Give me advice?

de
6

My life is passing me by. I often stay awake at night and sleep during the day. When I'm awake, I'm just lying in my bed, eating sweets and watching Netflix. (I'm extremely addicted to cell phones) I can't get myself to do anything else. I would like to change my life, eat healthy, do sports, be productive, do something that I really enjoy. But I feel like I fell into a hole that I can't get out of. For some time now I have felt that I don't want to live anymore, but I don't want to die either. (So I'm not a danger to myself.) I just feel so empty and I often wonder if I'm doomed to be unhappy forever. I've made plans to change countless times, but I've never made it. I hate my life and I'm afraid that it will stay that way forever. I don't know what to do and I can't talk to anyone because nobody understands me, everyone thinks I'm lazy. Does anyone have advice for me? I just can't take it anymore.

Ai

I have it myself, but not as much. You decide yourself whether you want to live with your parents all your life and be empty, or study and want to be successful. I often ask myself what I want from my life, what do I want do? If you want to change, you can do it too, and I've started to change that too. I don't watch Insta all night anymore, I eat healthier and do sports in the morning, I discover new things that I enjoy. We can also write longer. And how old are you?

I, 13

de

I'm 16. Really great that you can do it so well, I would love to do it all, but then I always think that it won't work anyway and I'm a hopeless case…

Li

It's good that you have the insight that something has to change. You have a lot of problems and you want to work on yourself. Take a piece of paper and write everything down. What are your goals? Getting ready for school… What are your hobbies, is there a sport that you would enjoy? When you see everything on a piece of paper, it's usually not all that bad. Make a plan for how you want to spend your day. Also strictly adhere to it. You write: everyone thinks I'm lazy. I simply think that you are 'lazy'. You have to get rid of this sluggishness and then work on your goals and other things. That will certainly not happen overnight, but only step by step. Either you can do it yourself or you really need help. Reward yourself when you've 'done' some of your plan.

Pu

Tidy up your hormone balance!

Daily structure, little Netflix, no more sweets. Little social media and chat. More sport. Do you smoke? If so, stop!

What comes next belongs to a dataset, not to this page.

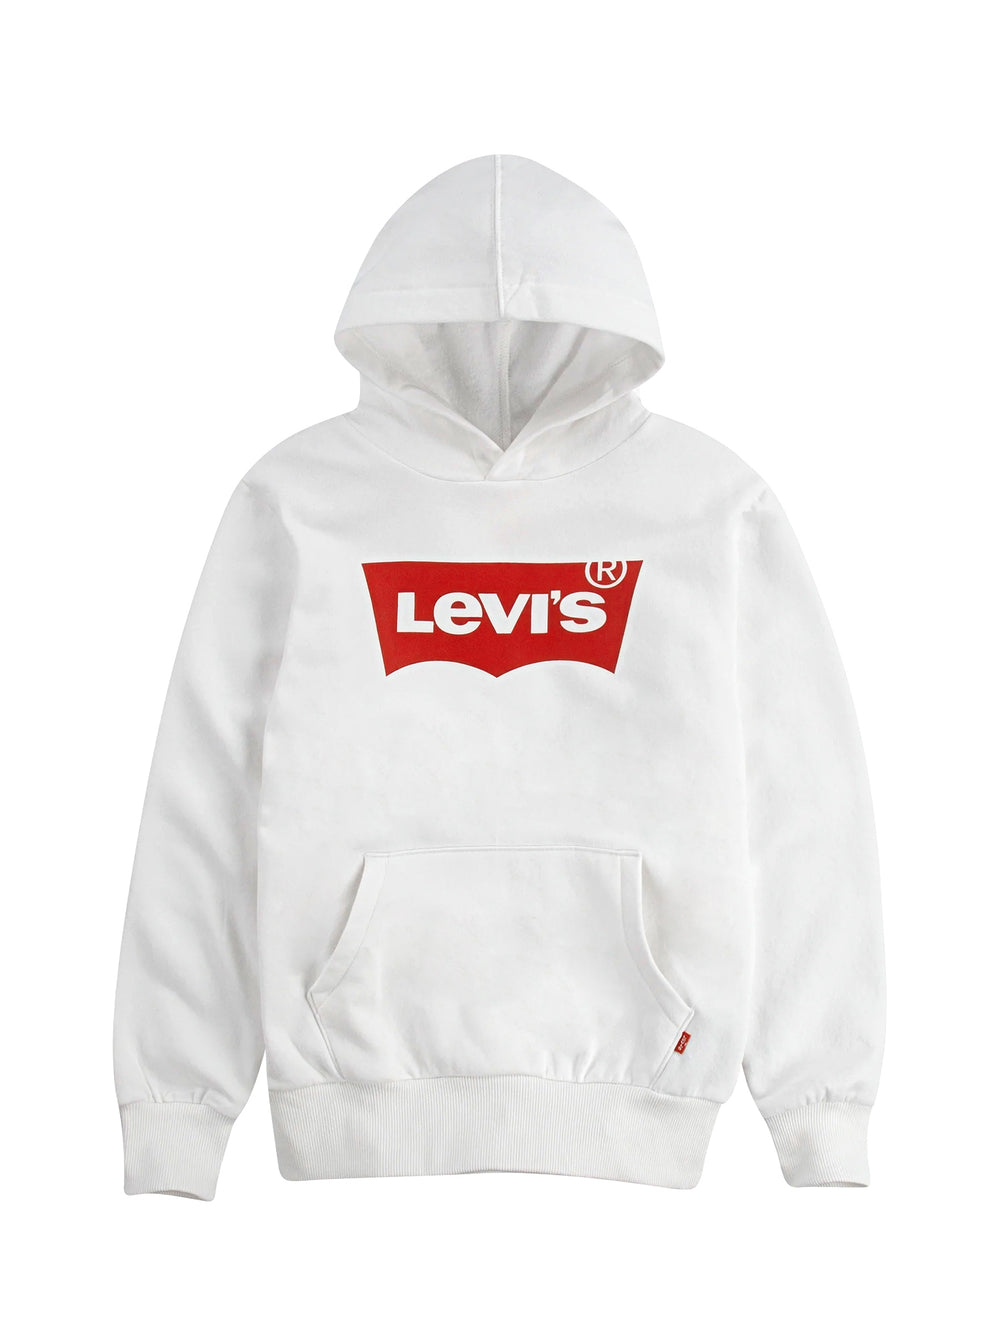 KIDS LEVIS YOUTH BOYS BATWING PULLOVER HOODIE - CLEARANCE

And push the serotonin level, e.g. By going to bed earlier and growing up earlier. Eat healthier. And that doesn't help, think about antidepressants. A small dose helps

Be

Perhaps you can start with small things that are not so difficult for you, simply so that you can confirm yourself and also have a sense of achievement that you have achieved something. If you want to change everything at once, eat healthier, be more productive and do sports, it will probably overwhelm you and demotivate you again. You could e.g. Before you watch Netflix, do a little sports program. A couple of squats, or pushups on the wall. Maybe do that as a ritual. If that works out, leave out half of the candy and eat a banana, apple or other fruit instead. Motivate yourself with small steps and small success stories. Maybe write a note with a saying like "I can do it" and hang it on the wall so that you can see it again and again. If it doesn't work one day, don't throw everything back in the same place, just continue the next day. All the best.

pa

You mustn't want to move the whole mountain: I have to change.

You only have to carry a few stones away every day. Then at some point you made the mountain.

The best thing is a little booklet and write it in the evening,

1 - 3 things you want to do the next day.
write down how you did it that motivates and again 1-3 things for the next day.

And do everything carefully, attentively, still want to learn and improve. Seek joy in and in it.

This is how you climb the life ladder. Learn, grow, can, be yourself. Enjoy creative mindfulness.